The UN Declaration of Human Rights states that no one shall be subject to forced labour. Australia was one of the first signatories to that document. As the promissory note of a buoyant capitalism, the liberal idea of human rights falters on the constitutive and devastating premise of really-existing capitalism: the compulsion to work as an endless injunction to produce more and more for no other reason than to be able to produce still more. Production—organised a means to make profit in order to secure the future means to make more profits—has little regard for either the pleasures or necessities of life unless they too can become a means to a means. Since, on a global scale, the work time it now takes to reproduce our lives is remarkably shorter than the time we spend pushing out profits for others, the command to 'be a productive member of the community' (an oxymoronic phrase if there ever was one) looks increasingly like a political dictate parading as social necessity. Whilst food production between 1990 and 1997 increased per capita by around 25 per cent, the income gap between the bottom and top fifths of the world went from 30 to 1 in 1960, to 60 to 1 in 1990, and up to 74 to 1 in 1997. Around one in six people now live below subsistence.
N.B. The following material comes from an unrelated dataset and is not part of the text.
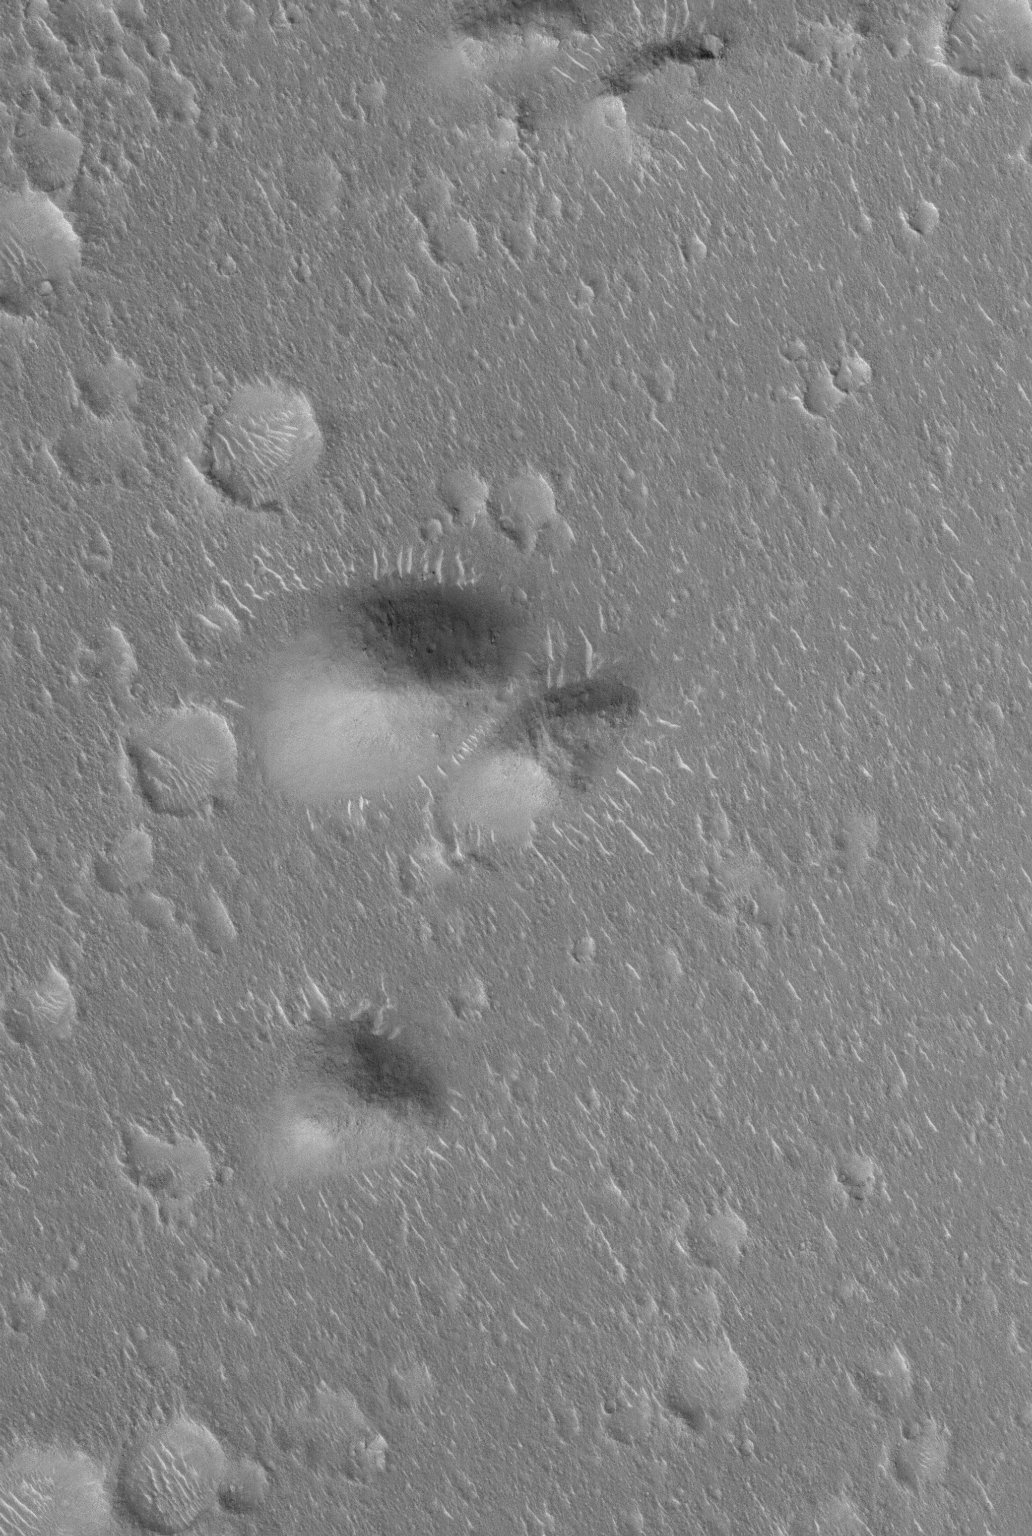 Isidis Landforms : NASA/JPL/Malin Space Science Systems
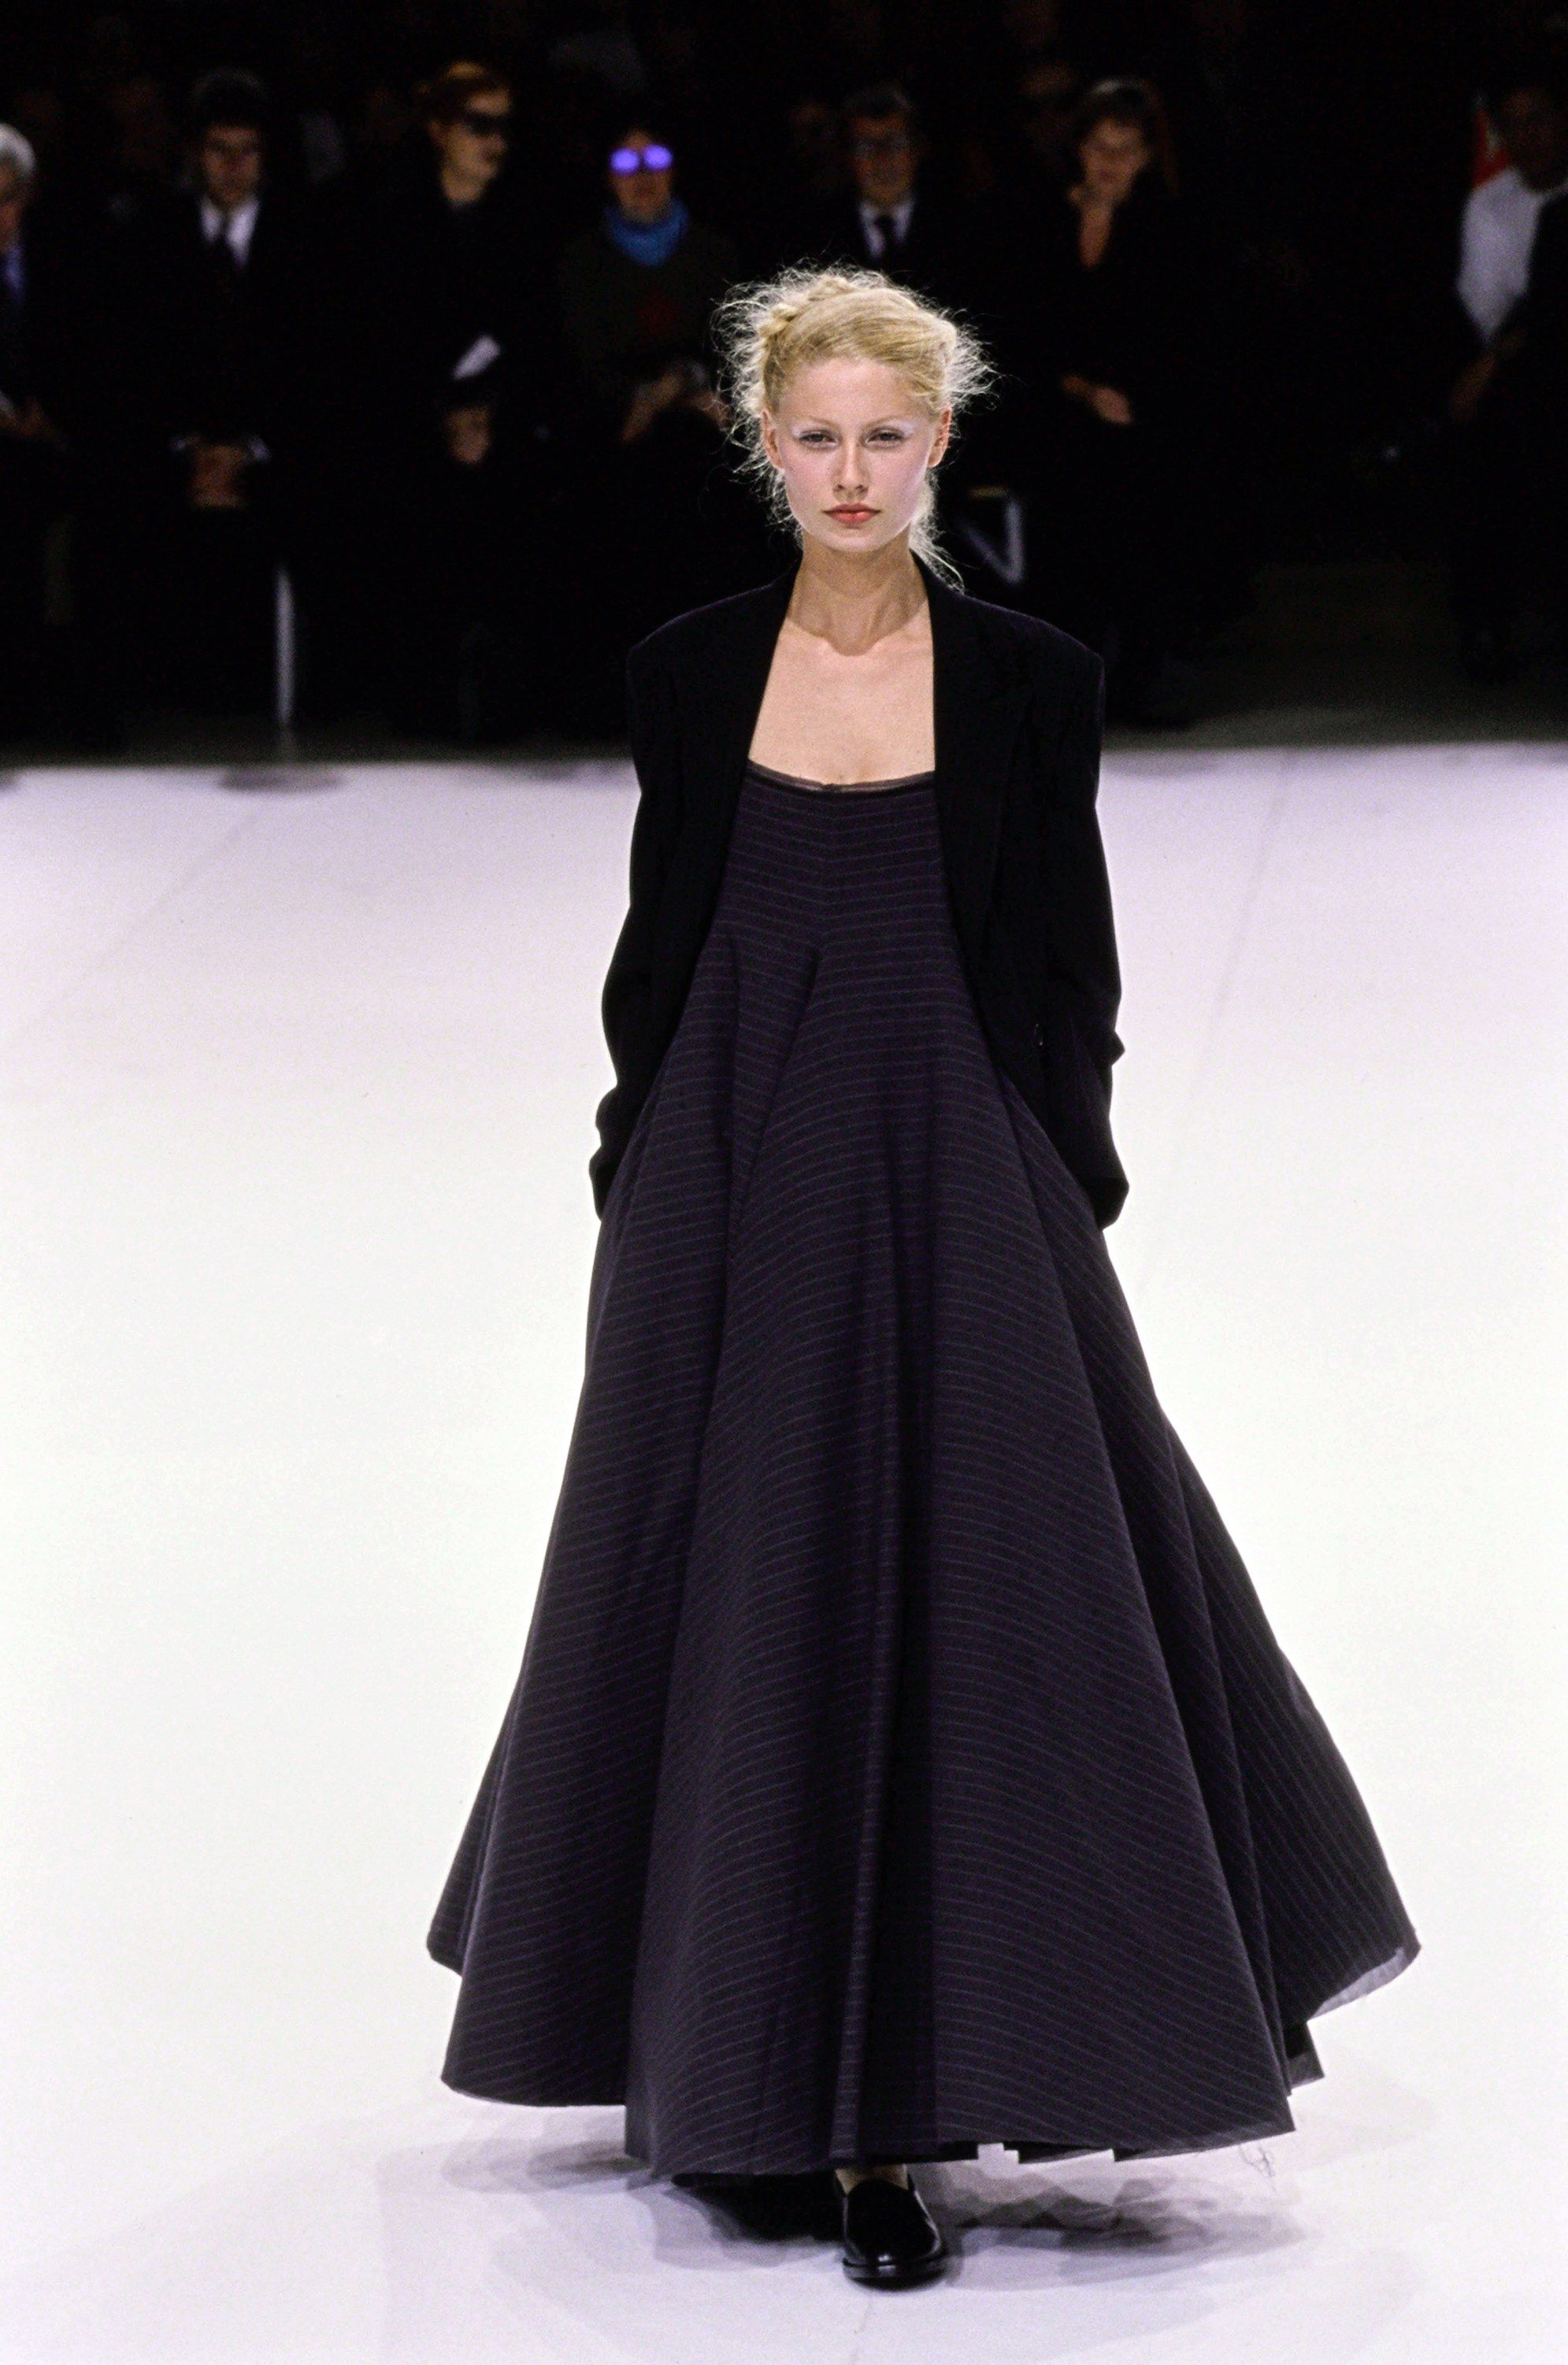 Yohji Yamamoto Spring 1999 Ready-to-Wear Fashion Show - Kirsty Hume

Could there be any sharper evidence that productivity, organised as a means to profit, has little to do with necessity?
At the end of the century, submission to boundless work and overwork (as the very meaning of capital) is candidly disclosed as the prerequisite of any appeal to human rights, indicating just how flimsy those rights are, and how flagrantly the universality of those rights are eclipsed by the core requisites of capital. Perhaps this is why, for the first time in the history of capitalism, capitalism itself and in its totality was the target of global protest action. On June 18th of this year, the first day of the G8 Summit in Cologne, hundreds of thousands participated in a series of demonstrations on a range of issues—including global debt, workfare/work-for-the-dole schemes, border laws, environmental destruction, anti-union laws, the arms trade, poverty, agribusiness—but with one, unmistakable culprit in sight. June 18th was the world-wide 'Carnival Against Capitalism' : in London, Barcelona, Seoul, Melbourne, Sydney, Harare, New York, Buenos Aires, Nigeria, Dhaka, Tel Aviv, Stockholm, Rome, Zagreb, Toronto, Montevideo, Moscow, Prague, Mexico City, Berlin, Valencia, Edinburgh, Cologne, Oregon, Los Angeles, Indonesia . . . [8] The J18 actions signalled the re-appearance of the demand that life be better, a refusal of the pall of nostalgia, diminished expectations and fear. A glimpse of a new century and a new enthusiasm.
Notes
1. Australian Centre for Industrial Relations and Training, Australia at Work: Just Managing, Sydney: Prentice-Hall, 1998.
2. R. Sennett, The Corrosion of Capitalism: The Personal Consequences of Work in the New Capitalism, New York: Norton, 1998.
3. Ulrich Beck, "Goodbye to all that wage slavery", New Statesman, March 5, 1999
4. Australian Associated Press, May 20 1999.
5. ACCIRT, Ibid.
6. Gotz Aly and Susanne Heim, "The Economics of the Final Solution", Common Sense, 11, Winter 1991.